Is there hope for vectorizing this code or otherwise speeding it up?
(edited to add that I've left several things out of the code to shorten it, so please don't try to use this to actually calculate reflectivity)
Edit: In order to clarify, I and L are different for each layer and for each frequency, so they change in each loop. Simply taking the exponent will not work. For a real world example, take the simplest case of a soap bubble in air. There are three layers (air/soap/air) and two interfaces. For a given frequency, the full transfer matrix C is:
C = L_air * I_air2soap * L_soap * I_soap2air * L_air;
and I_air2soap ~= I_soap2air. Thus, I start with L_air = eye(2) and then go down successive layers, computing I_(y-1,y) and L_y, multiplying them with the result from the previous loop, and going on until I get to the bottom of the stack. Then I grab the first and third values, take the ratio, and that is the reflectivity at that frequency. Then I move on to the next frequency and do it all again.
I suspect that the answer is going to somehow involve a block-diagonal matrix for each layer as mentioned below.
Not next to a matlab, so that's only a starter,
Instead of the double loop you can write na*nb as Nab=N(1:end-1,:).*N(2:end,:);
The term in the exponent nb*W(x)*D(y) can be written as e=N(2:end,:)*W'*D;
The result of I*L is a 2x2 block matrix that has this form:
M = [1, Nab; Nab, 1]*[e-, 0;0, e+] = [e- , Nab*e+ ; Nab*e- , e+]
with e- as exp(-1i*e), and e+ as exp(1i*e)'
see kron on how to get the block matrix form, to vectorize the propagation C=C*I*L just take M^n
#Lama put me on the right path by suggesting block matrices, but the ultimate answer ended up being more complicated, and so I put it here for posterity. Since the transfer and interface matrix is different for each layer, I leave in the loop over the layers, but construct a large sparse block matrix where each block represents a frequency.

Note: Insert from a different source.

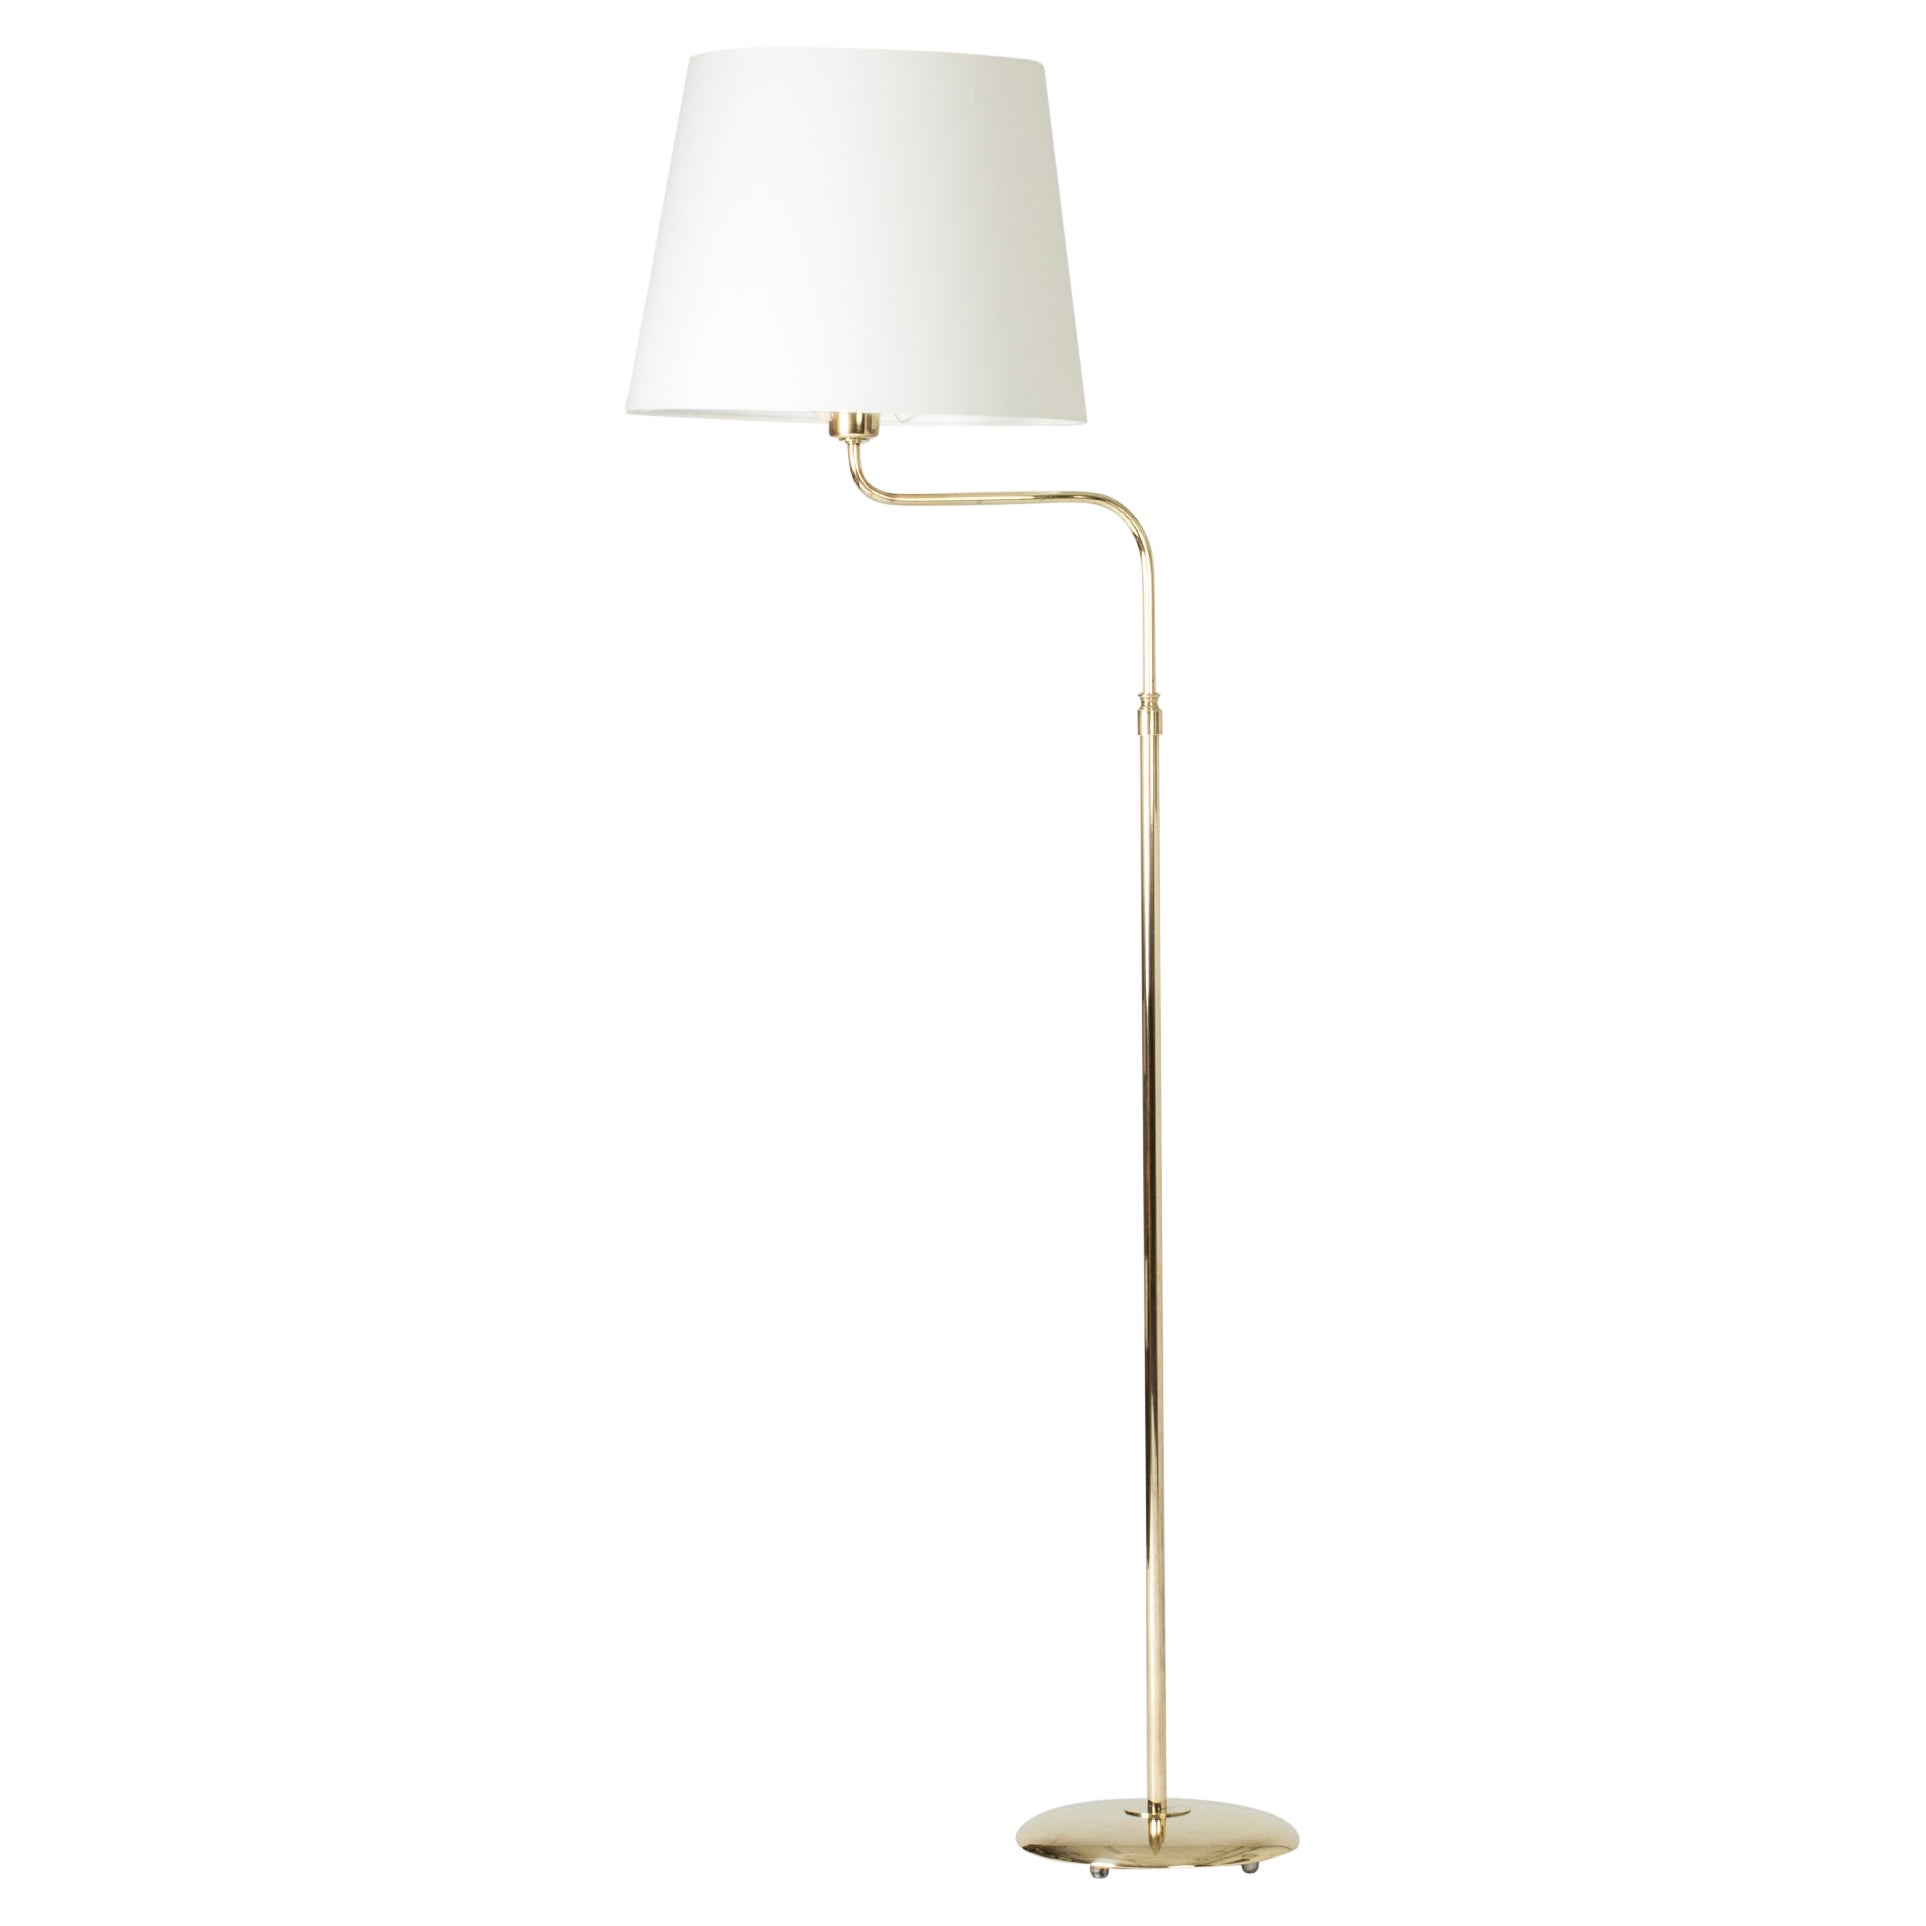 Scandinavian Midcentury Brass Floor Lamp from Nk, Sweden, 1950s For Sale

W = 1260:0.1:1400; %frequency in cm^-1
N = rand(4,numel(W))+1i*rand(4,numel(W)); %dummy complex index of refraction
D = [0 0.1 0.2 0]/1e4; %thicknesses in cm
[n,m] = size(N);
r = zeros(size(W));
C = speye(2*m); % first medium is air
even = 2:2:2*m;
odd = 1:2:2*m-1;
for y = 2:n %loop over layers
na = N(y-1,:);
nb = N(y,:);
% get the reflection and transmission coefficients from subroutines as a vector
% of length m, one value for each frequency
%t = Tab(na, nb);
%r = Rab(na, nb);
t = rand(size(W)); % dummy vector for MWE
r = rand(size(W)); % dummy vector for MWE
% create diagonal and off-diagonal elements. each block is [1 r;r 1]/t
Id(even) = 1./t;
Id(odd) = Id(even);
Io(even) = 0;
Io(odd) = r./t;
It = [Io;Id/2].';
I = spdiags(It,[-1 0],2*m,2*m);
I = I + I.';
b = 1i.*(2*pi*D(n).*nb).*W;
B(even) = -b;
B(odd) = b;
L = spdiags(exp(B).',0,2*m,2*m);
C = C*I*L;
end
a = spdiags(C,0);
a = a(odd).';
c = spdiags(C,-1);
c = c(odd).';
r = c./a; % reflectivity, the answer I want.
With the 3 layer system mentioned above, it isn't quite as fast as the explicit formula, but it's close and probably can get a little faster after some profiling. The full version of the original code clocks at 0.97 seconds, the formula at 0.012 seconds and the sparse diagonal version here at 0.065 seconds.